- Directed by: Ramnath
- Produced by: Santhosh Singh Wasim. D
- Starring: Prem Sharmila Mandre
- Music by: Sai Karthik
- Release date: 24 June 2011;
- Country: India
- Language: Kannada

= Dhan Dhana Dhan =

Dhan Dhana Dhan is a 2011 Indian Kannada film in the romance genre starring Prem and Sharmila Mandre. The film is directed by Ramnath Rigvedi. K. Sai Karthik is the music director of the film. Santhosh Singh has jointly produced the film with Wasim.
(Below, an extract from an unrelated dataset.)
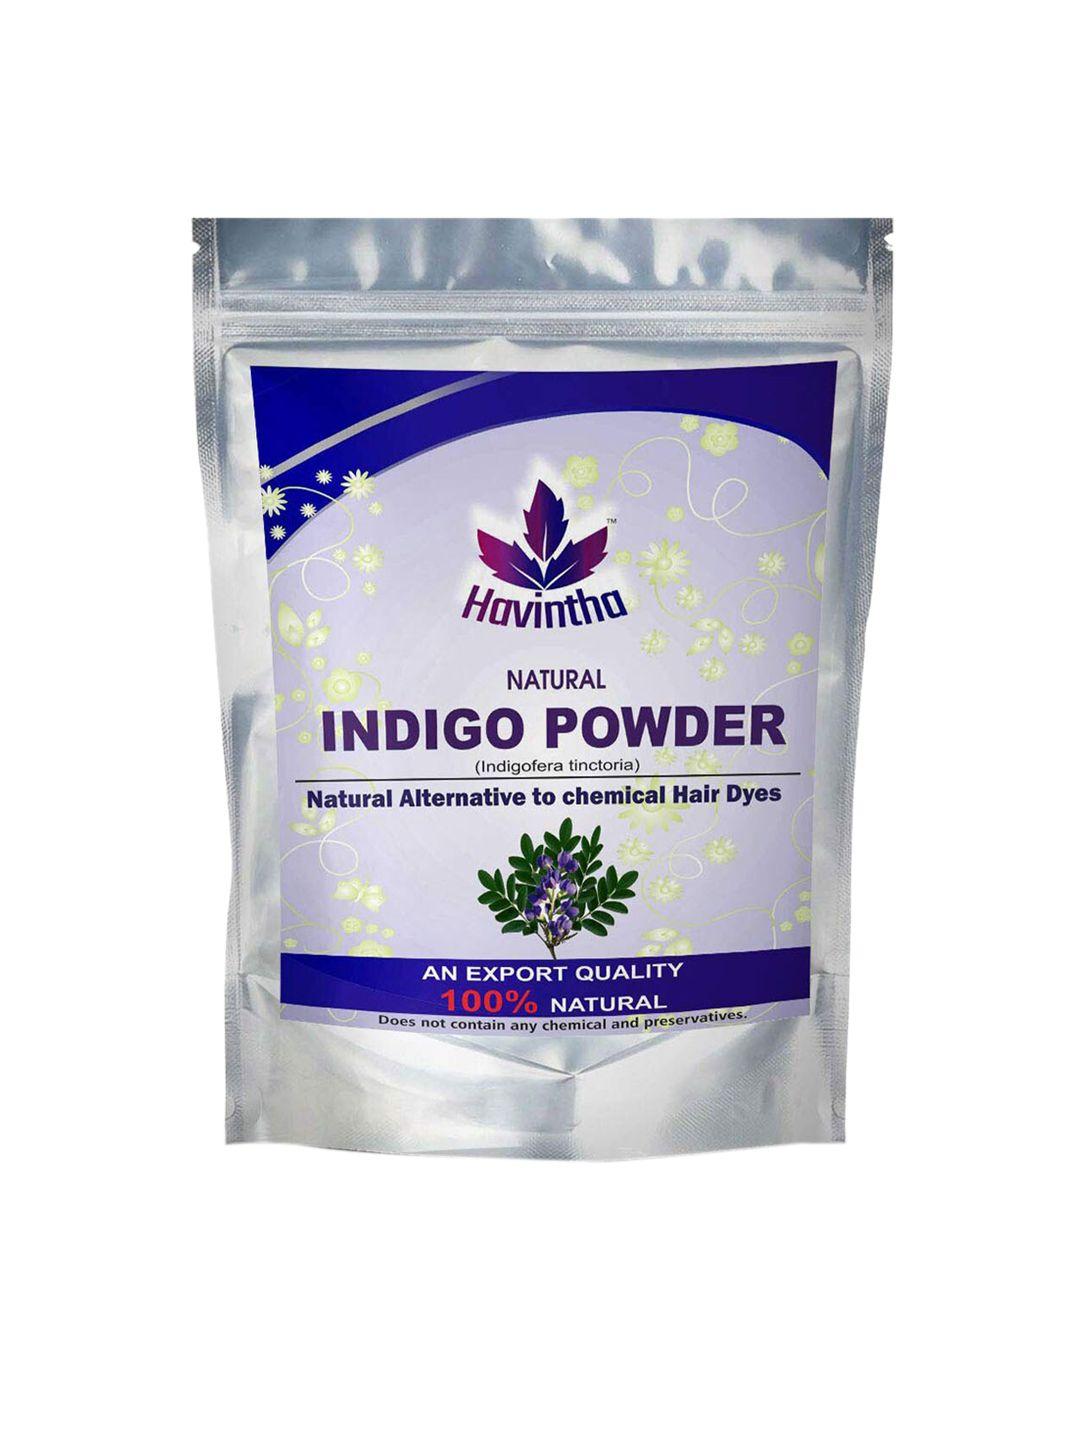 havintha black indigo powder for hair & beard colour (indigofera tinctoria)

D. This film is a remake of Hum Kisise Kum Naheen.

==Cast==
- Prem as Prem
- Sharmila Mandre as Charmi
- Ravishankar Gowda
- Adi Lokesh

==Soundtrack==
Sai Karthik has set the tunes to the lyrics of Kaviraj and Ramanarayan

| No. | Title | Performer(s) | Length |
|---|---|---|---|
| 1. | "Kaavana" | Santhosh |  |
| 2. | "Ninna Kanda" | Sai Karthik, Suvarna Rathod |  |
| 3. | "Full Bottlu" | L. N. Shastry, Santhosh |  |
| 4. | "Dhan Dhana Dhan" | Shaan, Anuradha Bhat |  |
| 5. | "Kavana" | Santhosh, Anuradha Bhat |  |

== Reception ==
=== Critical response ===

B S Srivani from Deccan Herald wrote "Adi Lokesh fails to bring out the vulnerability of a don in love, unlike Sanjay Dutt. Prem never settles down, while Sharmila looks pretty but little else. Ravishankar’s loud outburst can only sustain interest to a point. Dhan Dhana Dhan won’t be missed at all. What a pity!". Shruti Indira Lakshminarayana from Rediff.com scored the film at 1.5 out of 5 stars and says "Director Ramanath Rigvedi, who had a winner in Budhhivanta, falls flat this time. Dhan Dhana Dhan is a failed attempt as a family entertainer. Look elsewhere for movie, masti and magic!" A critic from News18 India wrote "How Prem uses his intelligence to thwart off the attempts of the doctor and the mafia forms the climax of the story. "Dhan Dhana Dhan" is a tedious watch, better avoid it".